**Assigned task**
Retype all of the listing exactly, passing over any picture you find.

**Data segment**
- - - - - - -

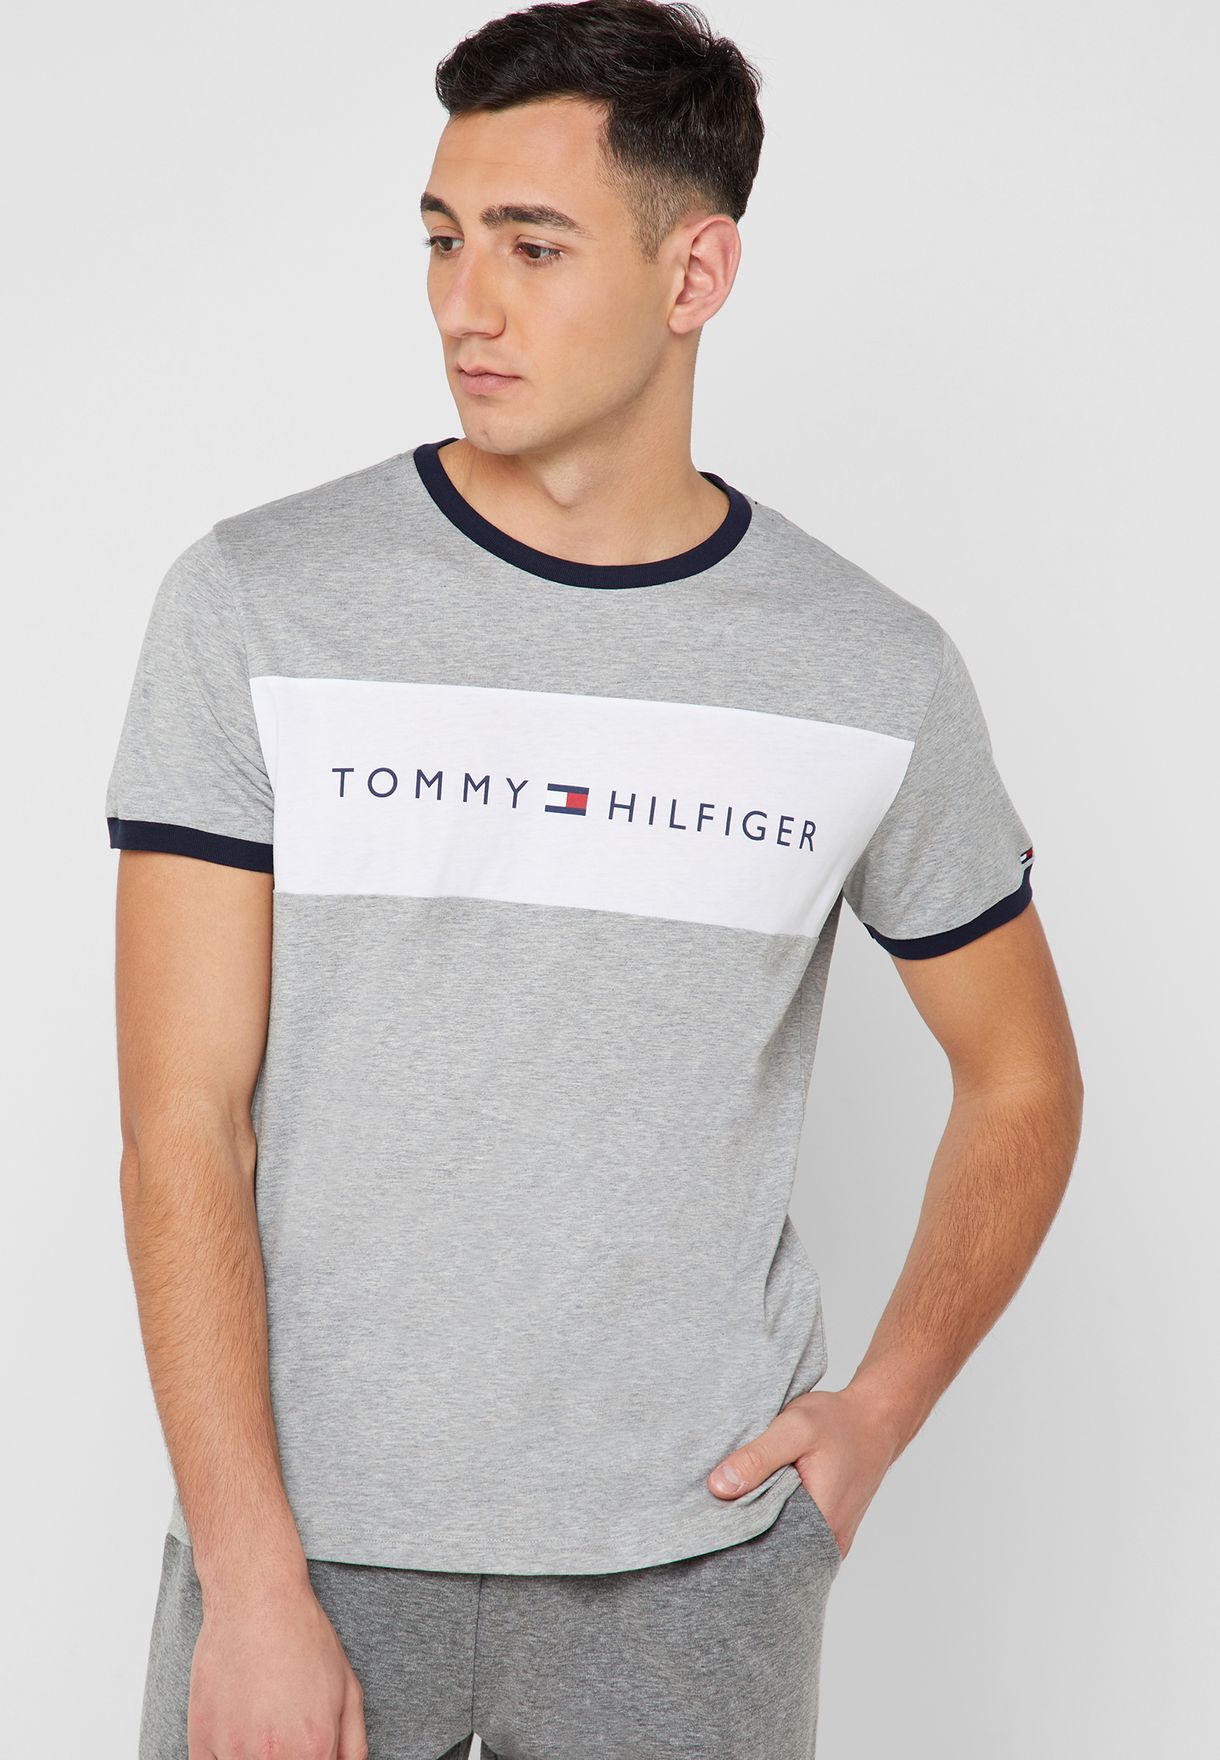 tommy hilfiger t shirt mens cheap
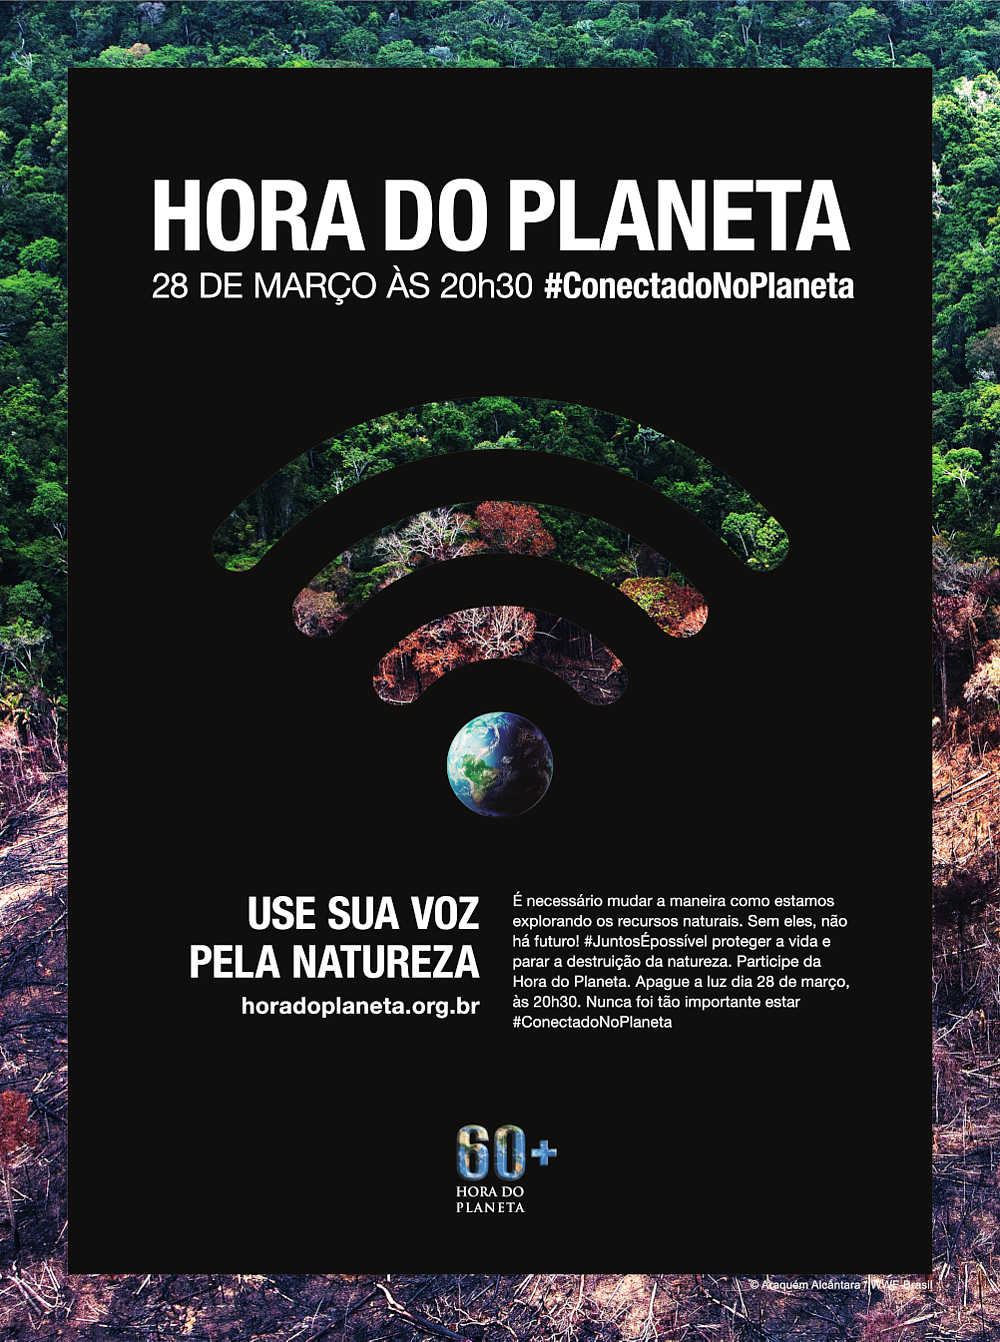 © WWF-Brasil
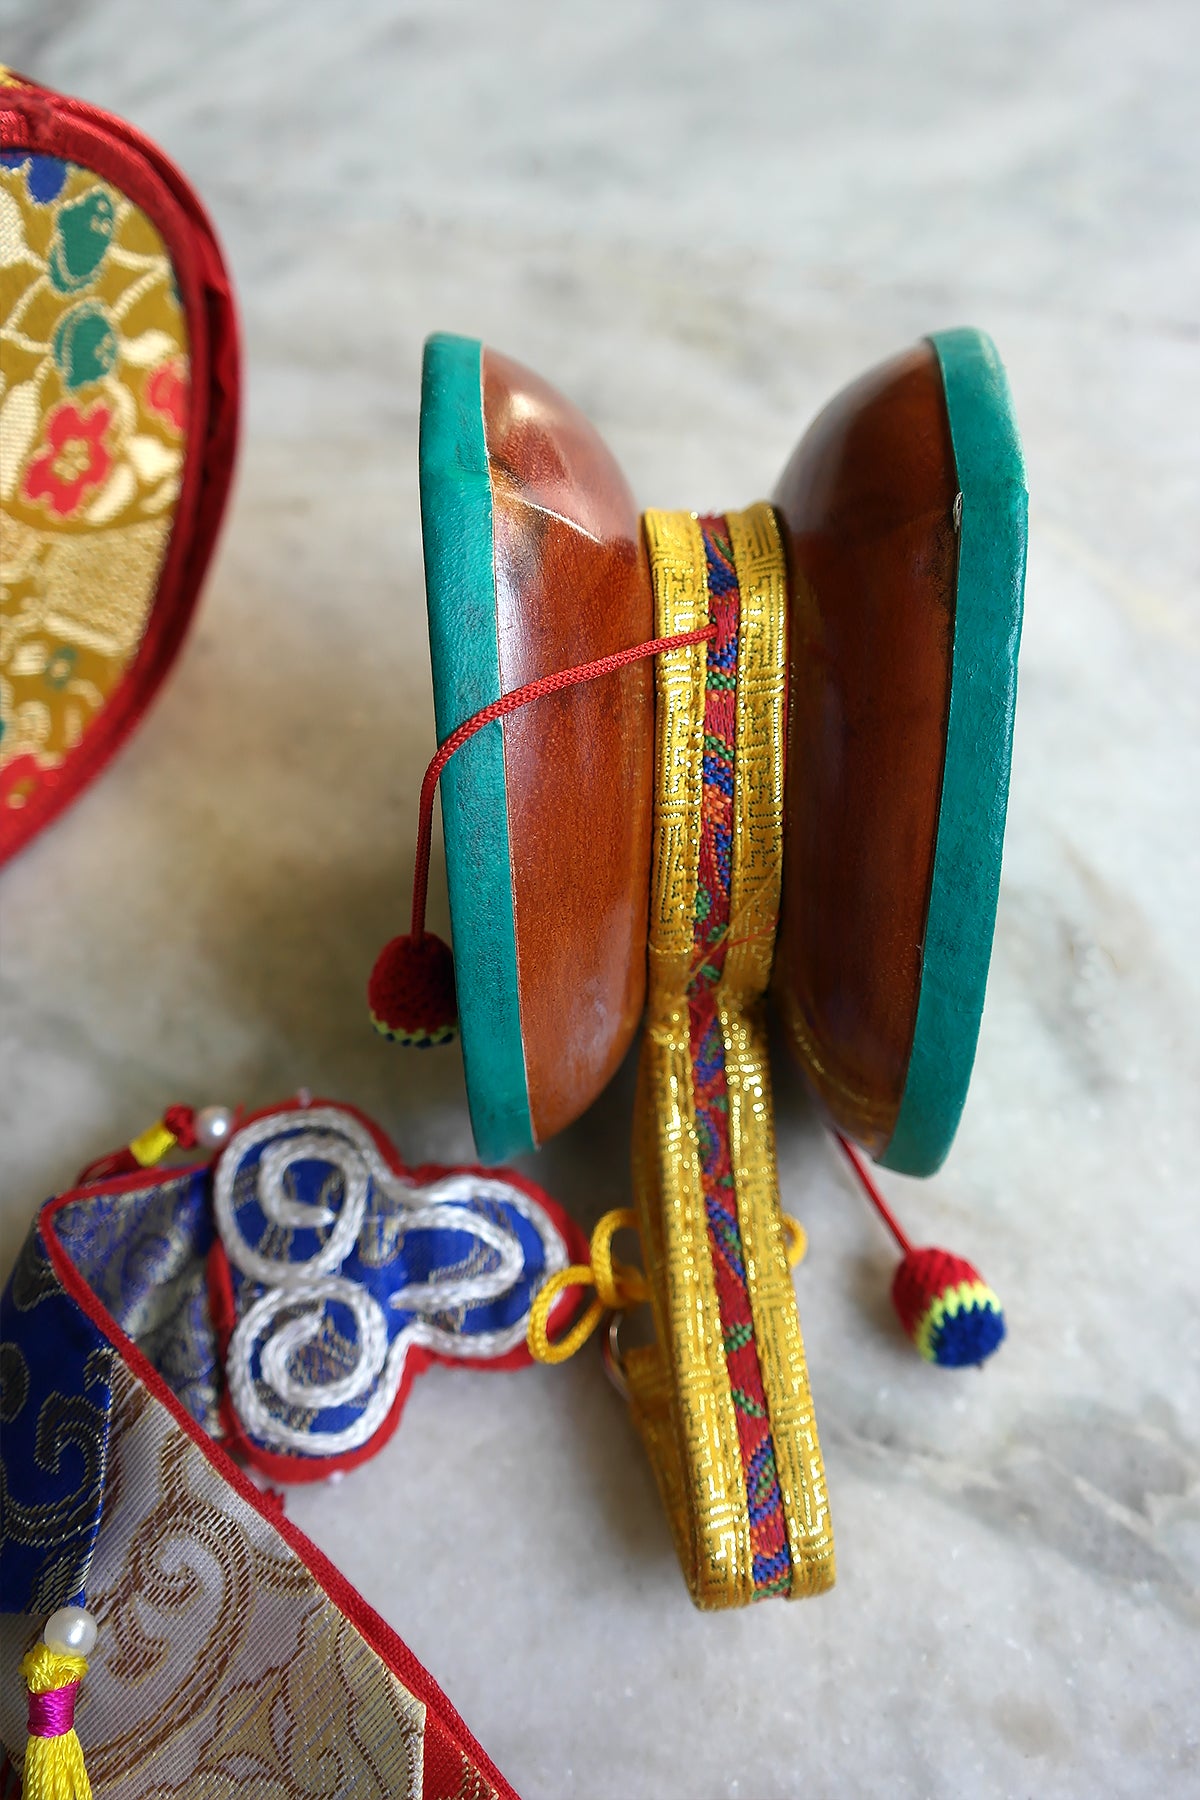 Exclusive Tibetan Buddhist Ritual Chod Drum Damaru from Boudhanath
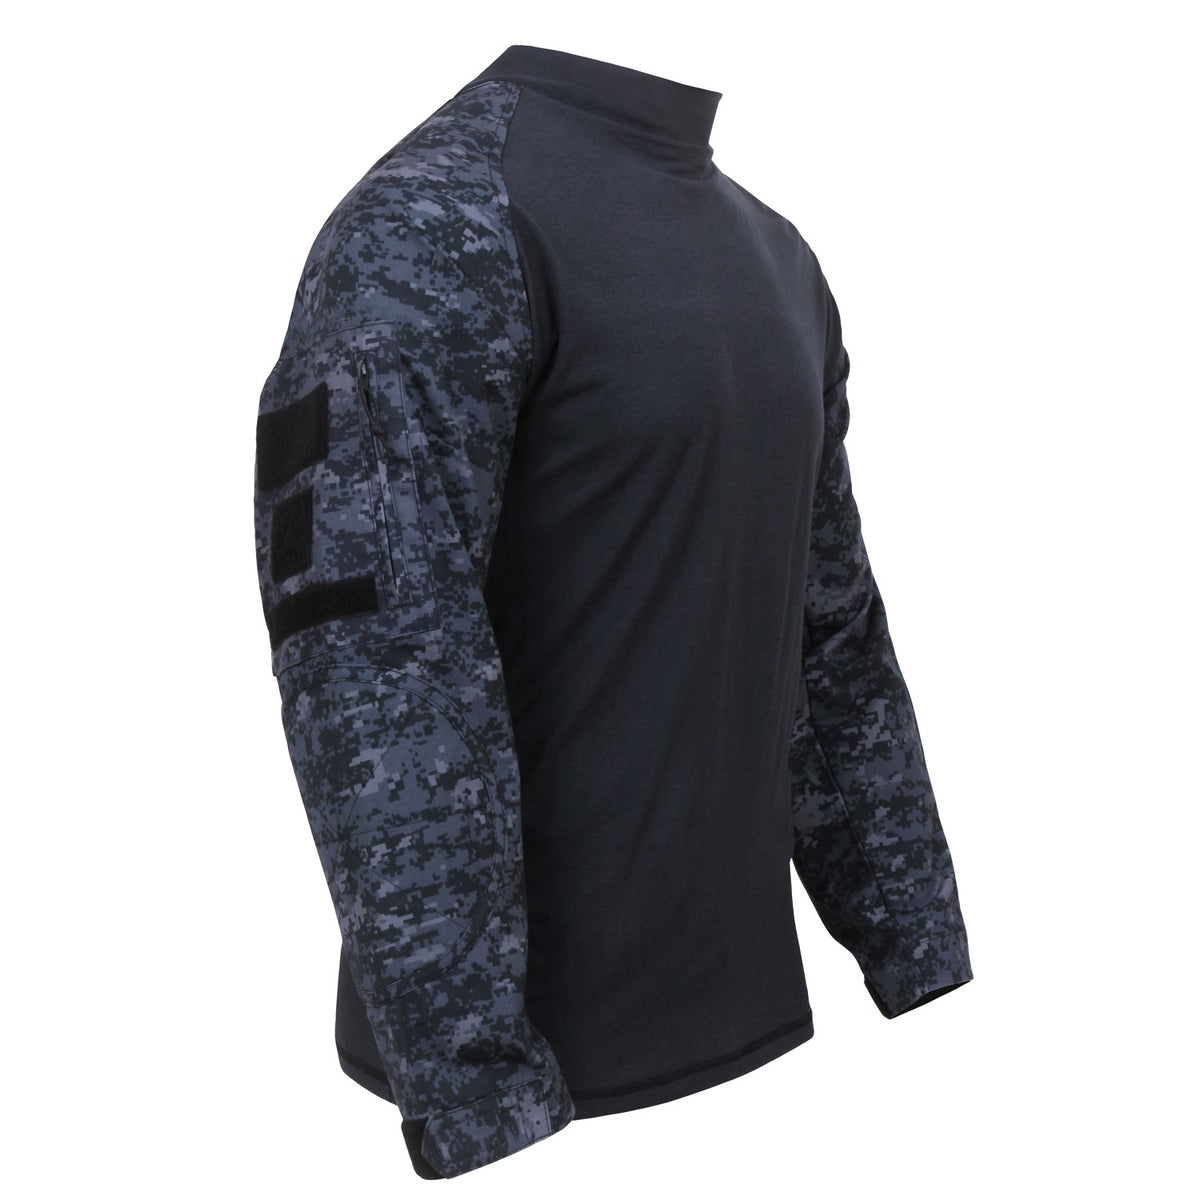 Rothco Military NYCO FR Fire Retardant Combat Shirt Midnight Digital Camo

- - - - - - -

**Output of the exercise**
 tommy hilfiger t shirt mens cheap
 © WWF-Brasil
 Exclusive Tibetan Buddhist Ritual Chod Drum Damaru from Boudhanath
 Rothco Military NYCO FR Fire Retardant Combat Shirt Midnight Digital Camo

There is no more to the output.